*** Opening of DATASET SECTION ***

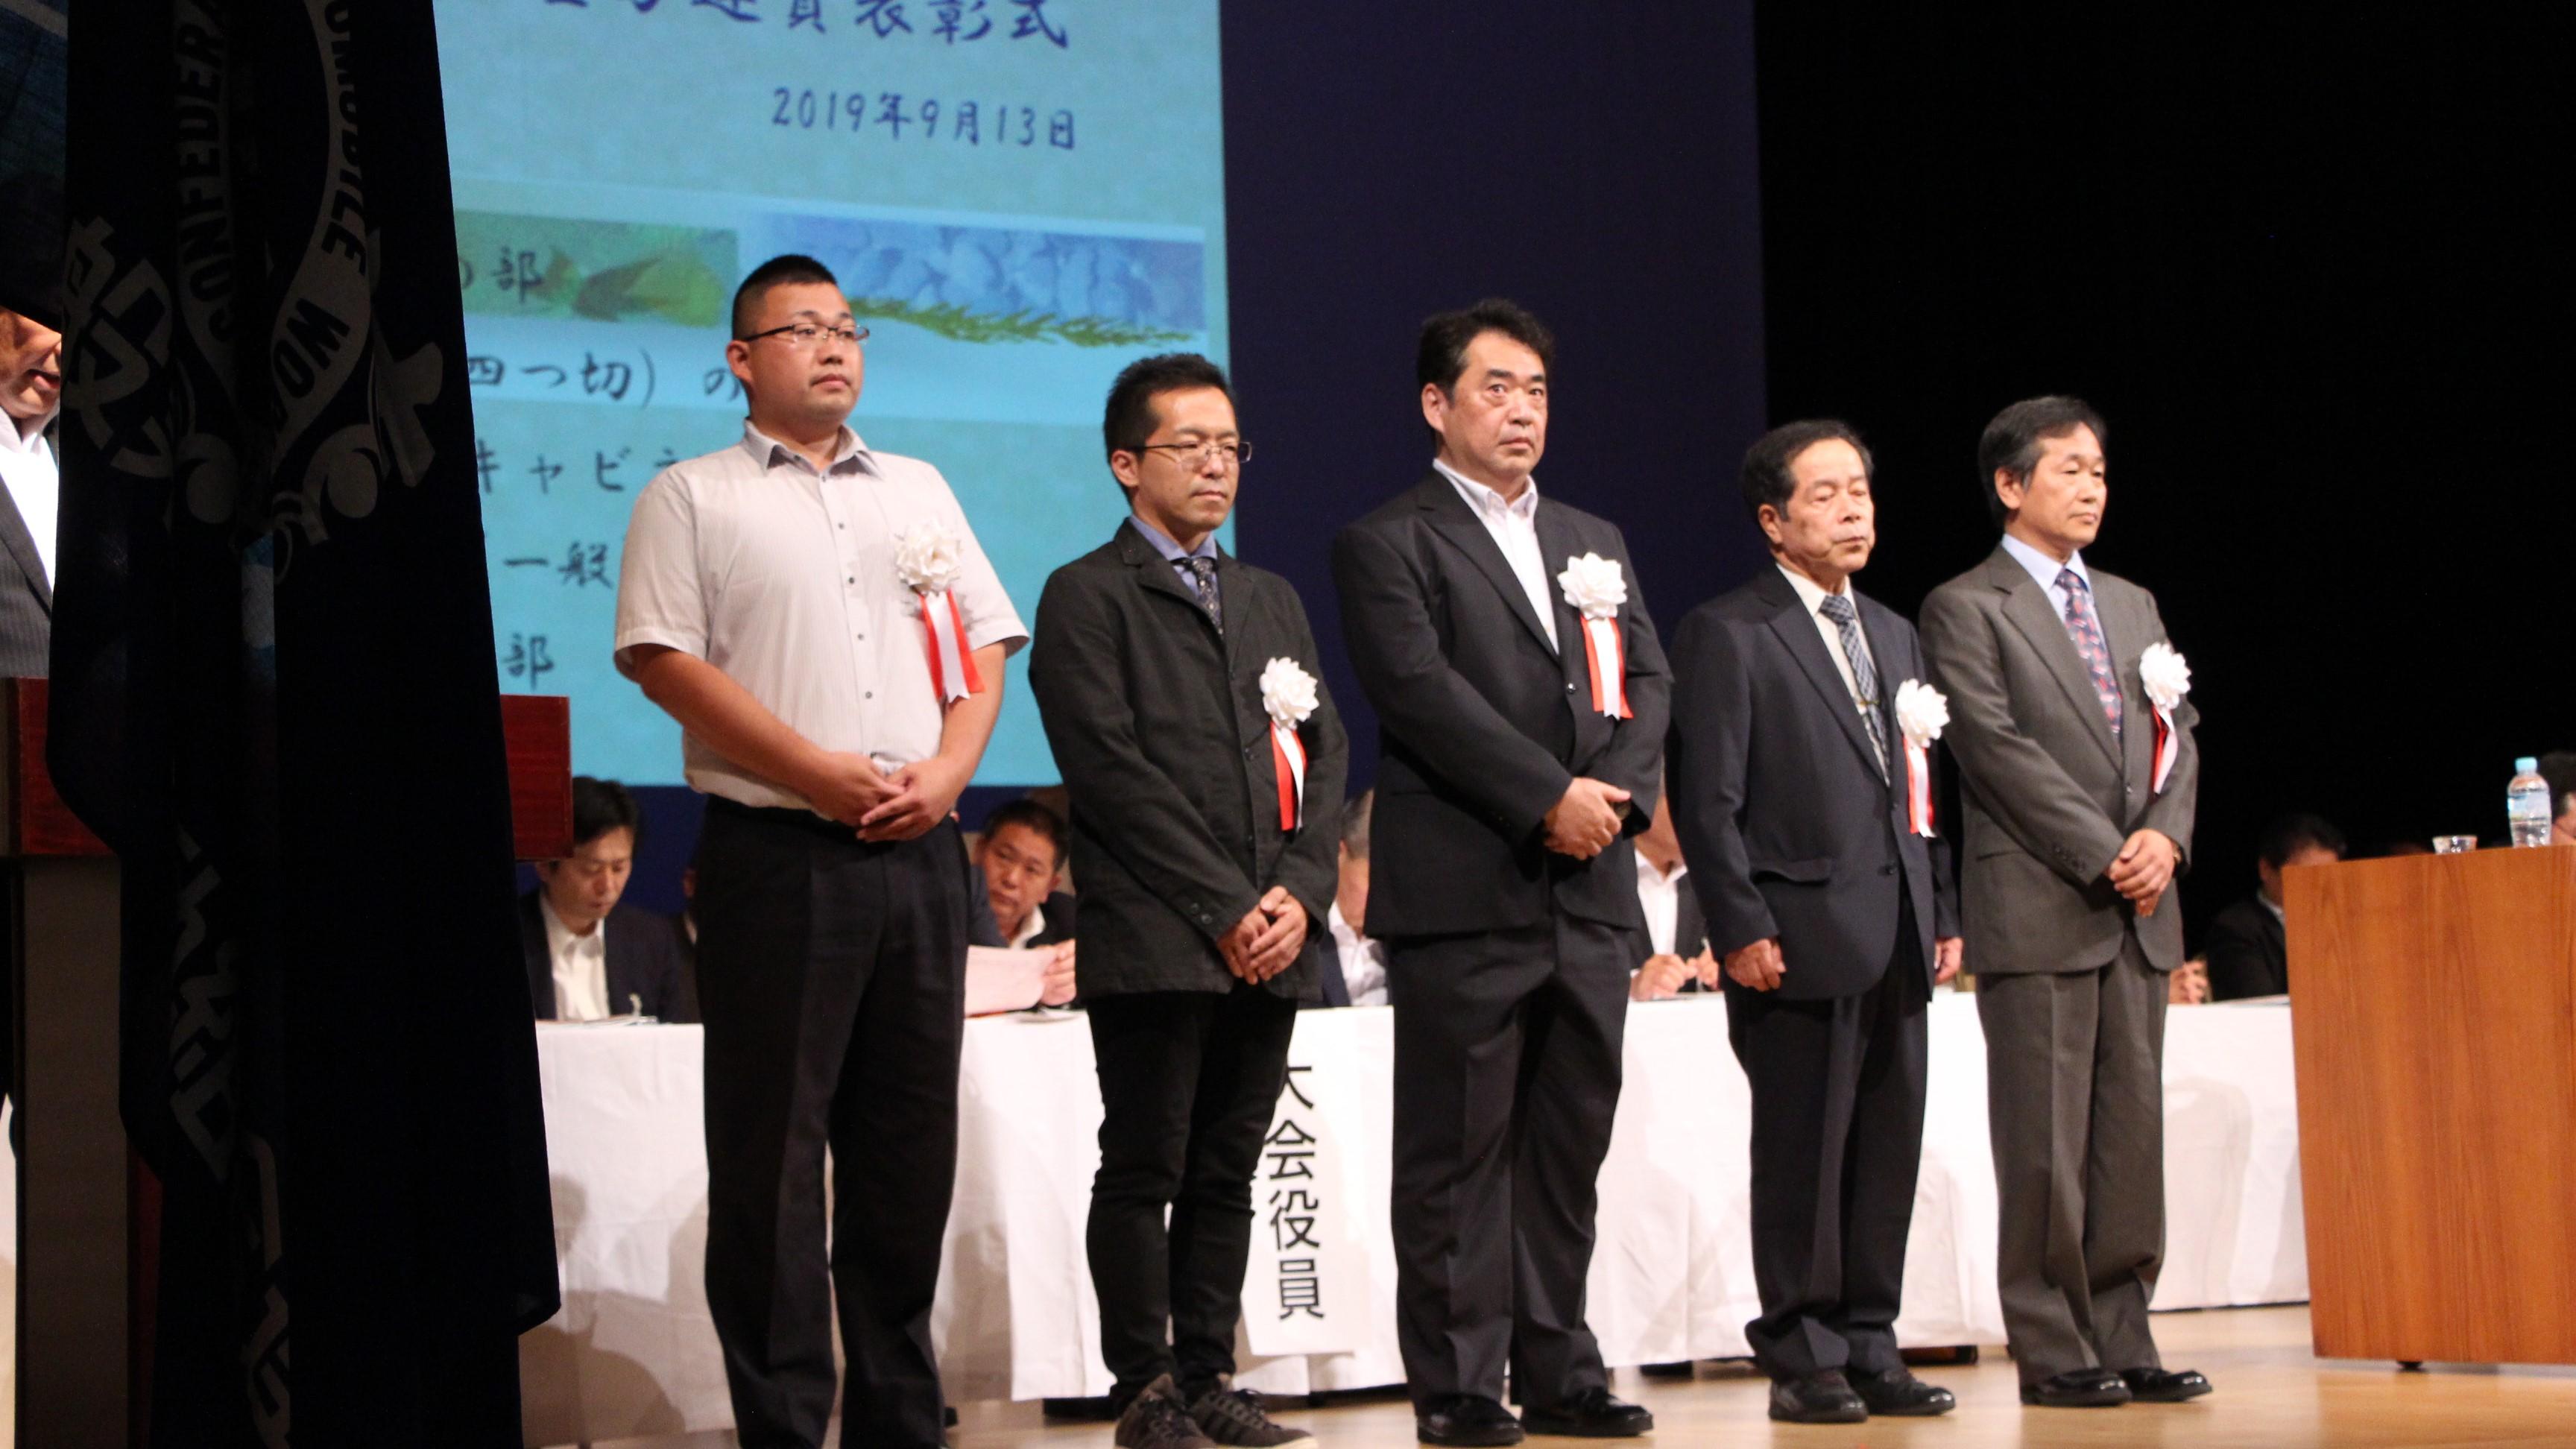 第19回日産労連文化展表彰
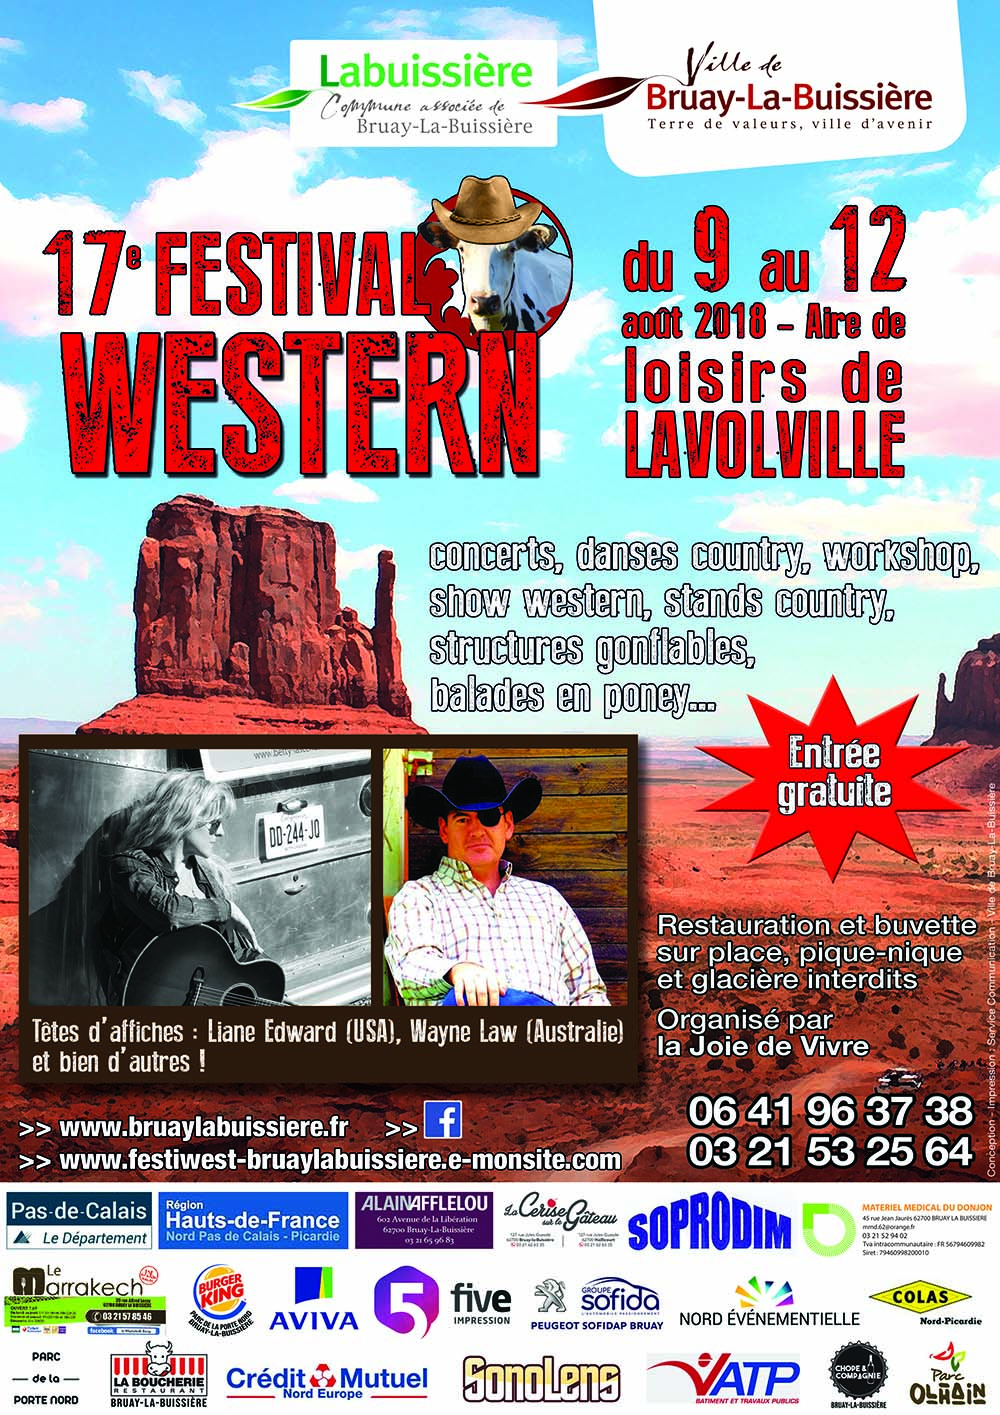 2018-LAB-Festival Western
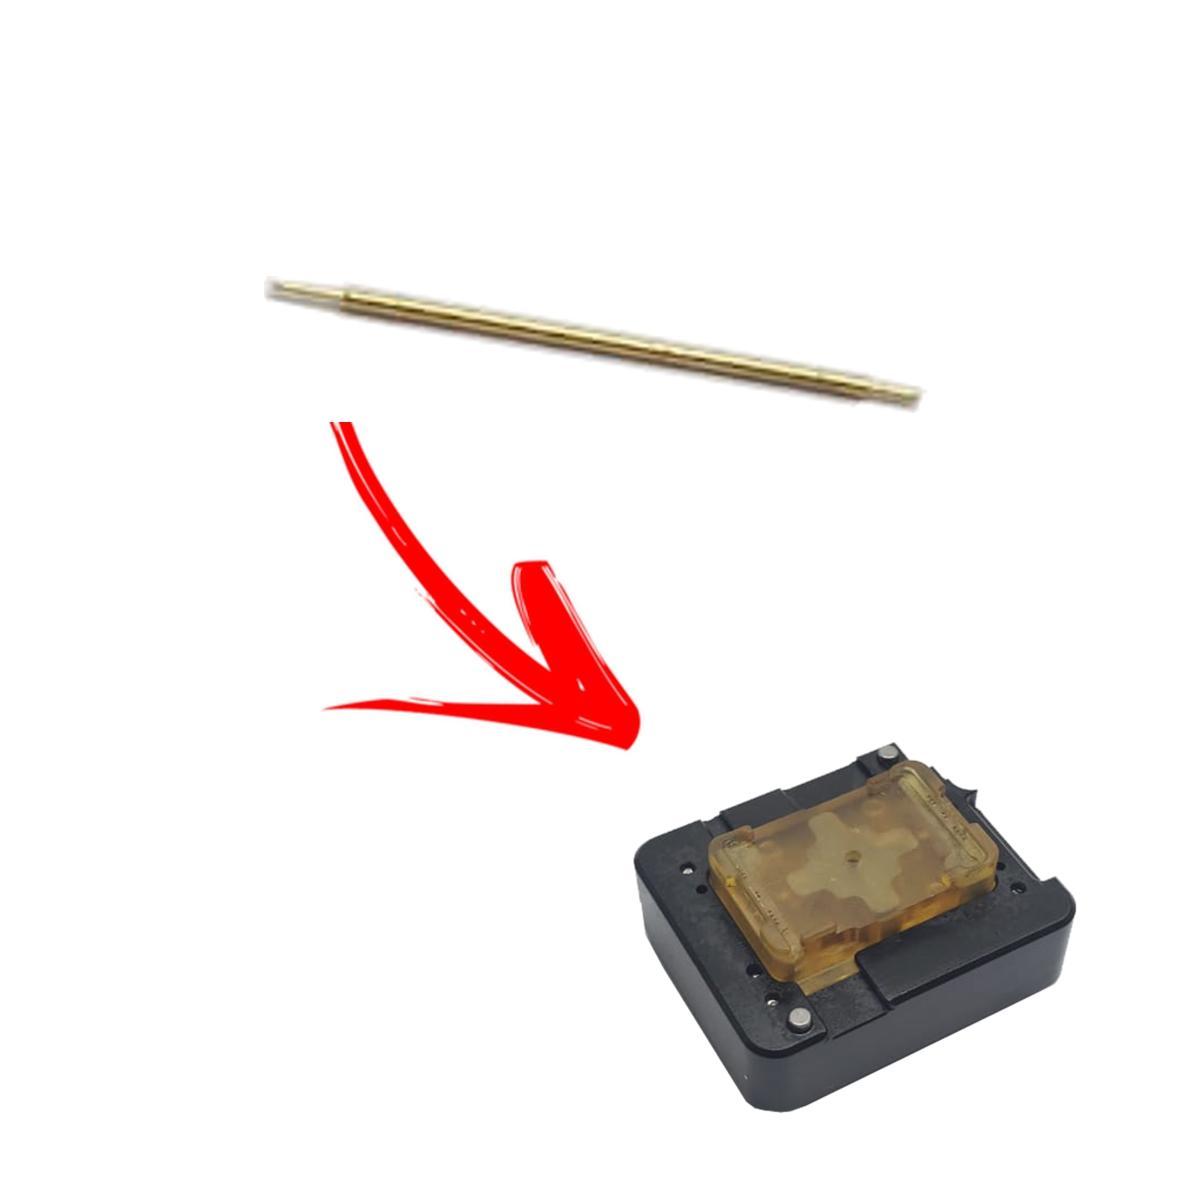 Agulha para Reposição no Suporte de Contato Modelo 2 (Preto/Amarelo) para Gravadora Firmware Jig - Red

*** Close of DATASET SECTION ***

WHAT IS NEEDED
Please set down the whole listing exactly, apart from the pictures.

SOLUTION FOR THIS EXERCISE
 第19回日産労連文化展表彰
 2018-LAB-Festival Western
 Agulha para Reposição no Suporte de Contato Modelo 2 (Preto/Amarelo) para Gravadora Firmware Jig - Red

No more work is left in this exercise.